My dogs see "alpha rolls" as belly rubs


----------



## Maxs Mom (Mar 22, 2008)

I want to add one thing, in the cases I saw it needed they were "re training" not initial training. The dogs were OUT OF CONTROL, and bound to hurt someone. In my opinion those dogs scared me, and I saw them as candidates for euthanasia. Did I see it 'work?' in some cases yes, it gave the handler confidence to handle their dog. In some cases no it did not.


----------



## Deuce (Aug 8, 2009)

tippykayak said:


> I've actually stopped using "alpha" and "dominance" when I talk about dog training. They carry so many associations with manhandling dogs that whatever usefulness they have is eclipsed by the hype and the misinformation.
> 
> Dogs look for leadership, and humans who provide it have good relationships with their dogs. Letting your dog do whatever it feels like actually makes the dog miserable too! However, the big caveat is that a lot of the "alpha" training people do is totally misguided and based on fear. I'll handle puppies in play, and I might pin them for a sec before I let them up to bounce around, just like an older dog might do with a pup.
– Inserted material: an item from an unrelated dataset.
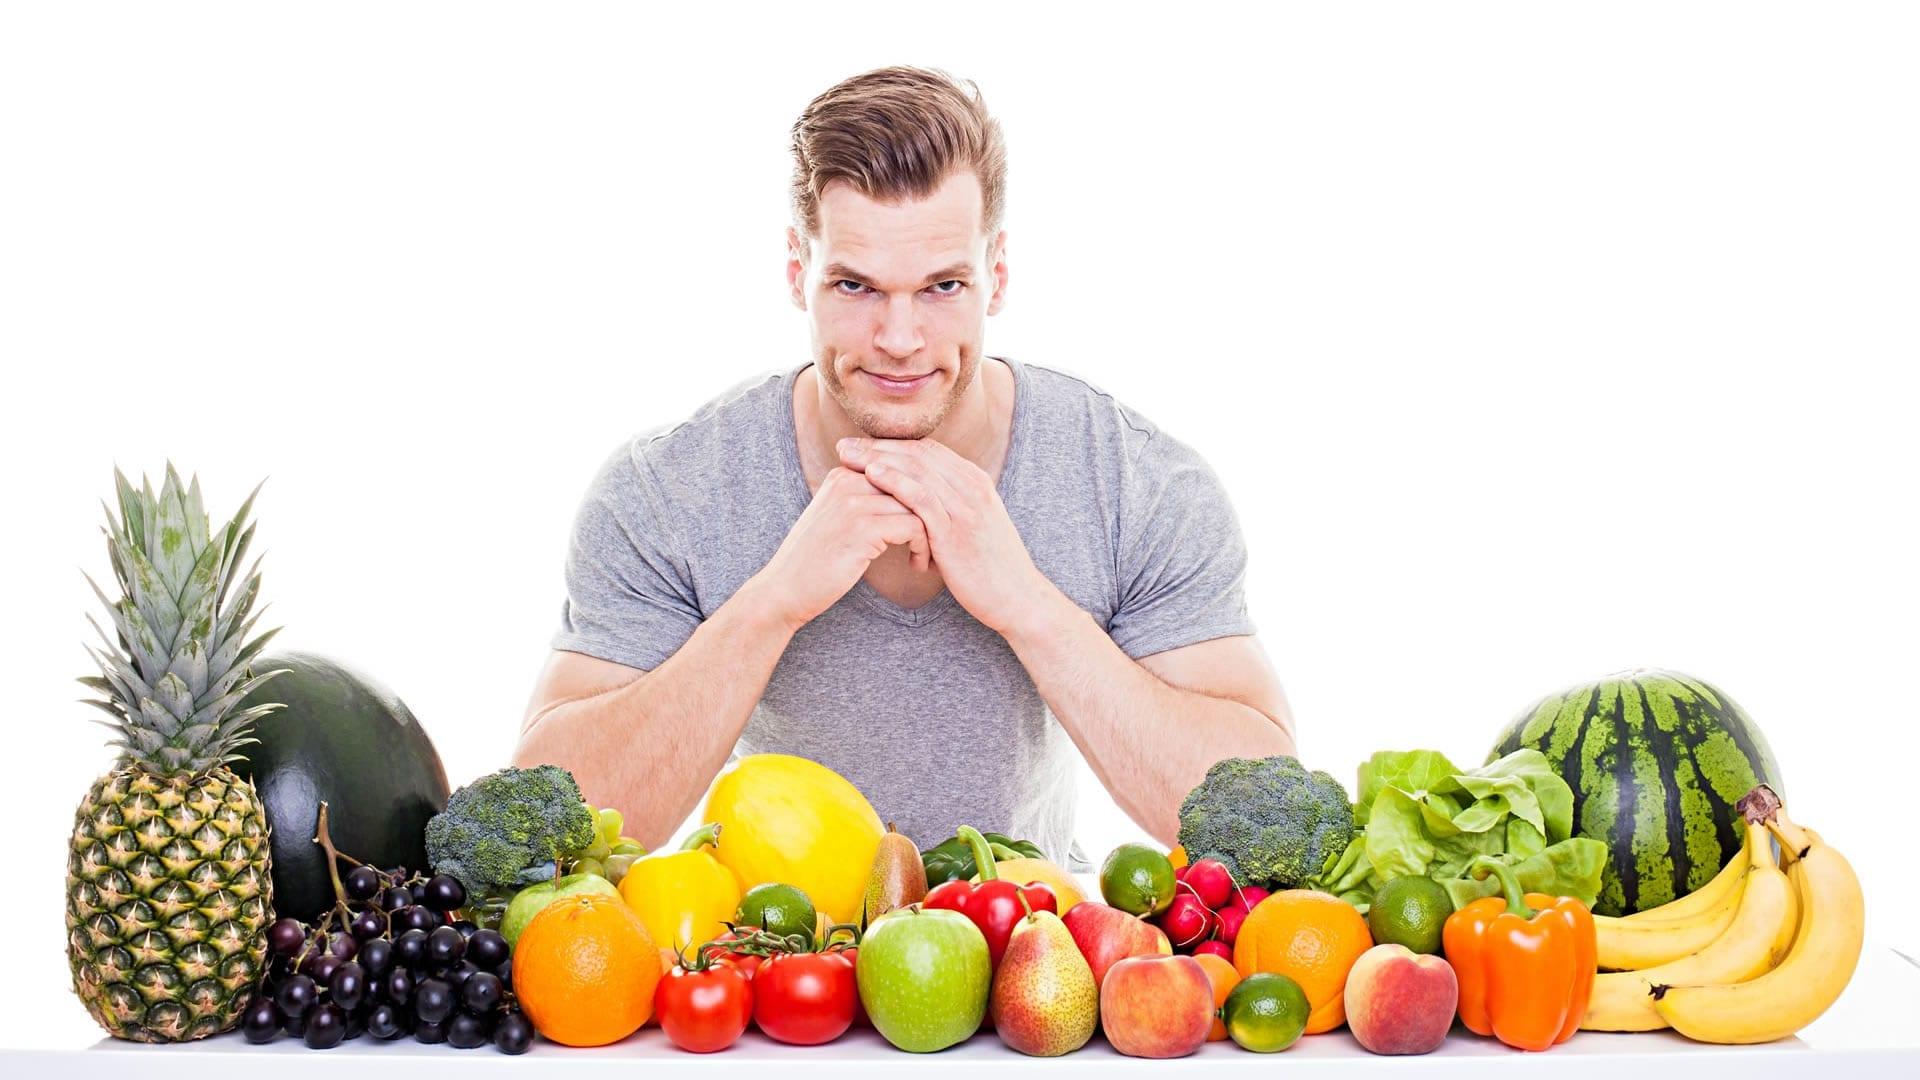 Frutas y Verduras para tu dieta culturista | Cambiatufisico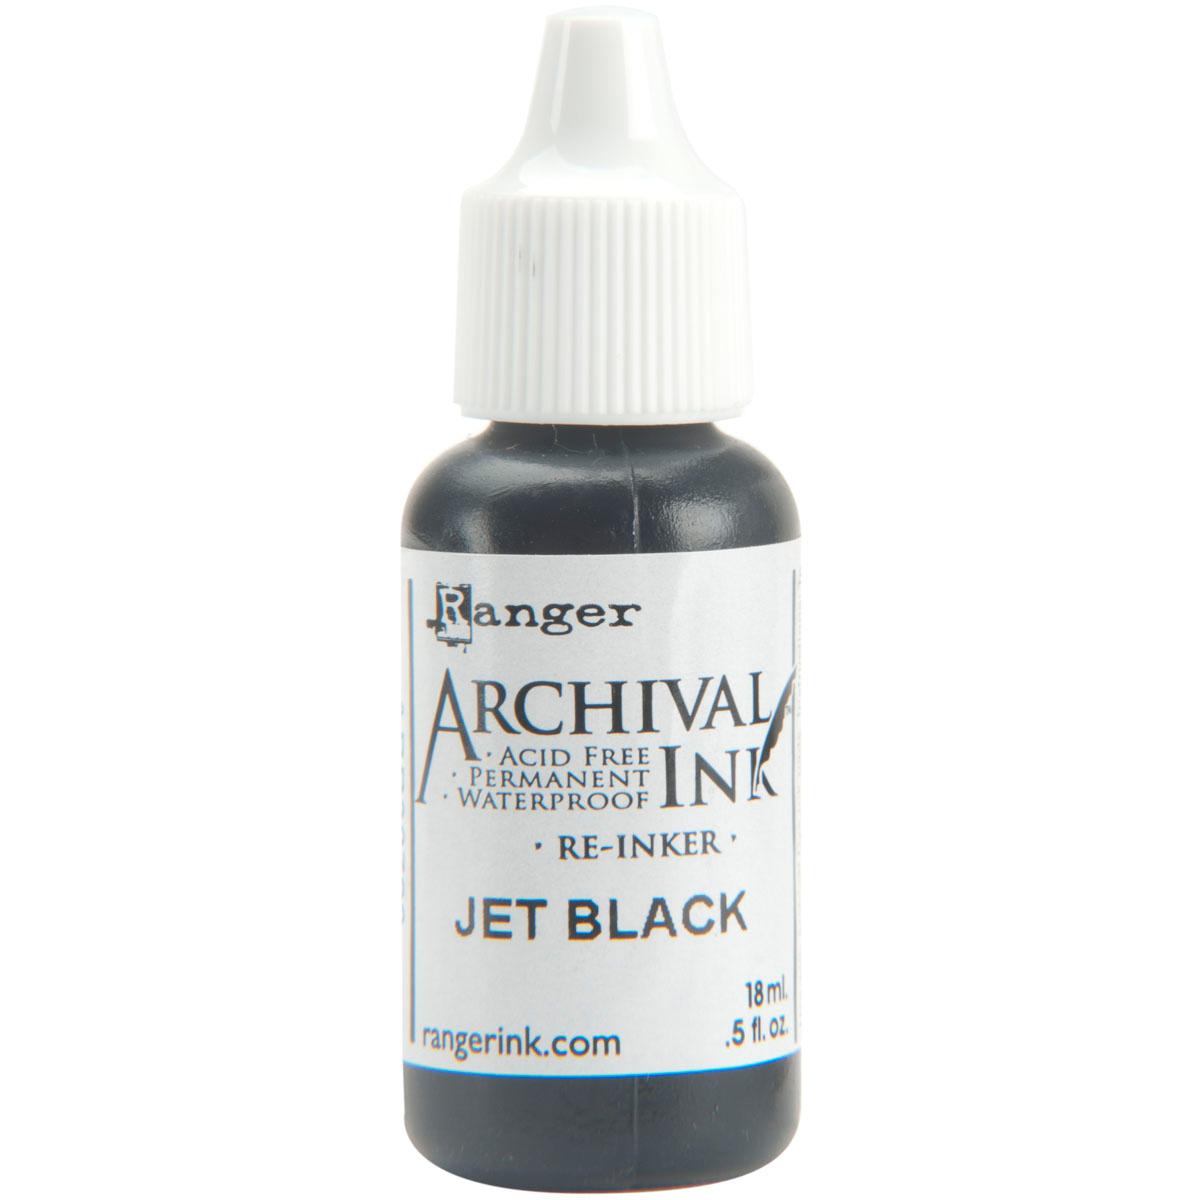 Ranger Archival Pad Reinker .5oz-Jet Black

However, I don't think for a second that pinning a puppy makes me a "pack leader," and doing it as an aversive is very confusing to a pup.
> 
> ...


Well said. I've trained for decades and dogs DO need a clear leader, but you can provide that leadership in a positive fashion. Oversimplified, but things like no food from the table, dog eats after you and waits for his food, no dog on furniture, dog follows and doesn't lead - these kinds of things provide leadership much more so than "pinning" or such.

I've trained mostly large, powerful breeds for service work (K9, narcotics, search and rescue, etc.) working with Belgian Malinois, German Shepherds and such and most recently, Rotties. This may seem obvious, but what I have found is that the more powerful breeds need more leadership. The more submissive breeds (such as Goldens) need less. And within this generalization, individuals will need more or less depending on personality.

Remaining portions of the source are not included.